Background: Cyclooxygenase inhibition restores endothelium-dependent vasodilatation in hypertension, but it is unknown whether it restores endothelial function in hypertensive patients treated with angiotensin- converting enzyme (ACE) inhibitors. Hypothesis: The purpose of the present study was to evaluate the effects of cyclooxygenase inhibition on endothelial function in hypertensive patients treated with ACE inhibitors. Methods: Endothelium-dependent flow-mediated dilatation (FMD) and endothelium-independent glyceryl trinitrate-induced dilatation were investigated in 10 patients treated with enalapril (ACE group), 11 patients treated with manidipine and metoprolol (non-ACE group), and 12 normotensive control subjects. After administration of 1000 mg of aspirin, FMD was investigated once again. Plasma cyclic guanosine monophosphate (cGMP) and eicosanoids were also measured during reactive hyperemia before and after aspirin administration.
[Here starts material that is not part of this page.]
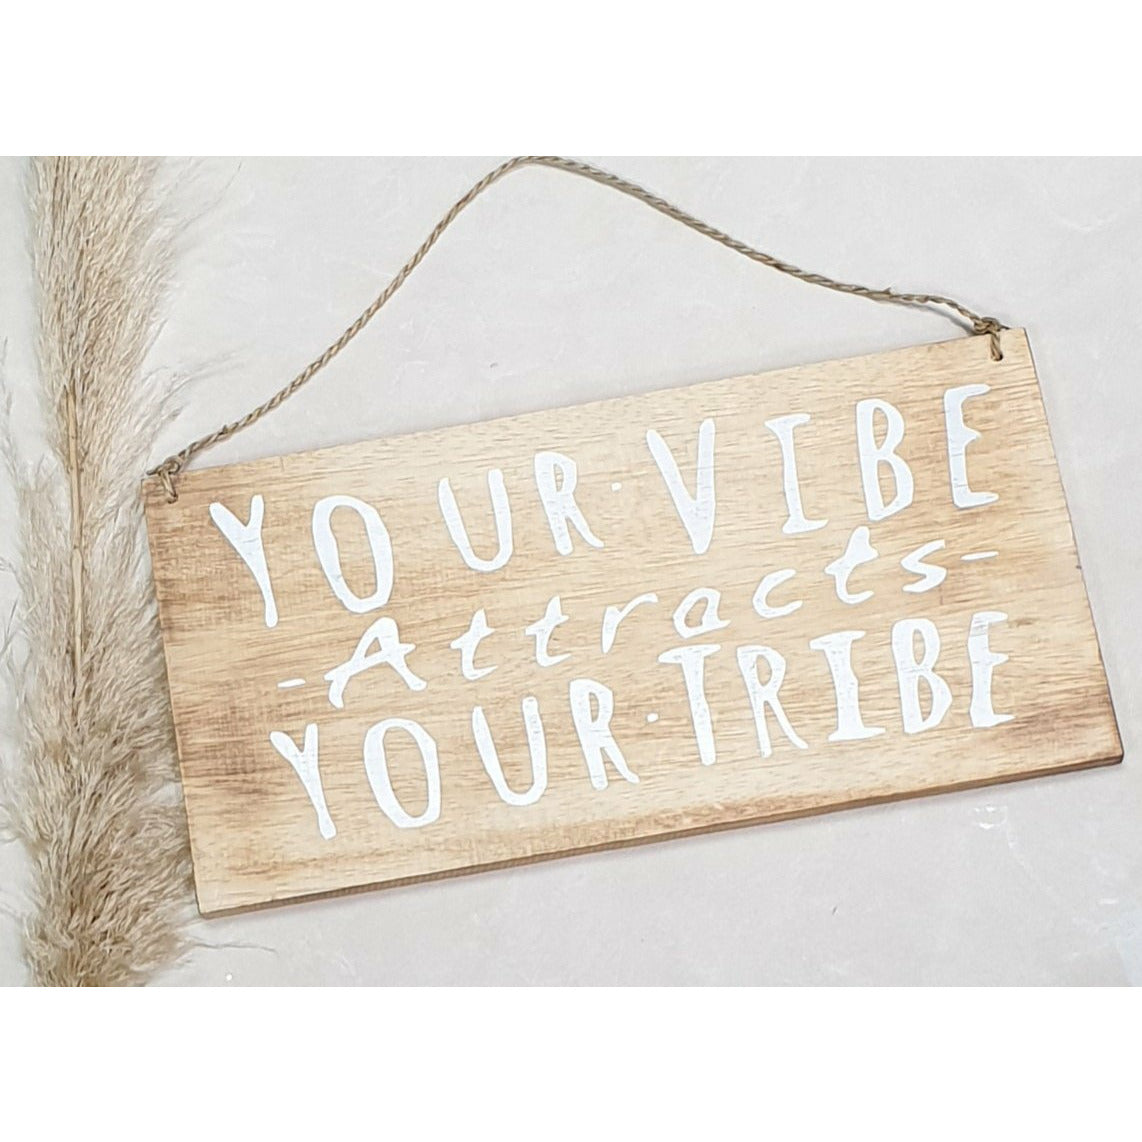 Boho wooden sign - "Your Vibe attracts your tribe" Not specified

Results: Flow-mediated dilatation was more impaired in the non-ACE group than in the ACE group (8.3 ± 3.8%, 5.7 ± 1.7%, respectively, p<0.04). Glyceryl trinitrate-induced dilatation was similar in the ACE group, the non-ACE group, and in the control subjects. In the ACE group, FMD was reduced after administration of aspirin (5.3 ± 4.2%, p<0.05). The percent change in FMD after administration of aspirin correlated significantly with percent change in cGMP (r = 0.77, p<0.03; y-intercept, -62.1%, p<0.01). After aspirin administration, levels of thromboxane B2 and 6-keto- prostaglandin1α were significantly decreased compared with those before aspirin administration in all groups. Conclusions: Cyclooxygenase inhibition may reduce the beneficial effect on endothelium-dependent vasodilatation induced by ACE inhibitors. The results suggested that prostacyclin in addition to nitric oxide plays a significant role in the restoration of endothelial function in hypertensive patients treated with ACE inhibitors.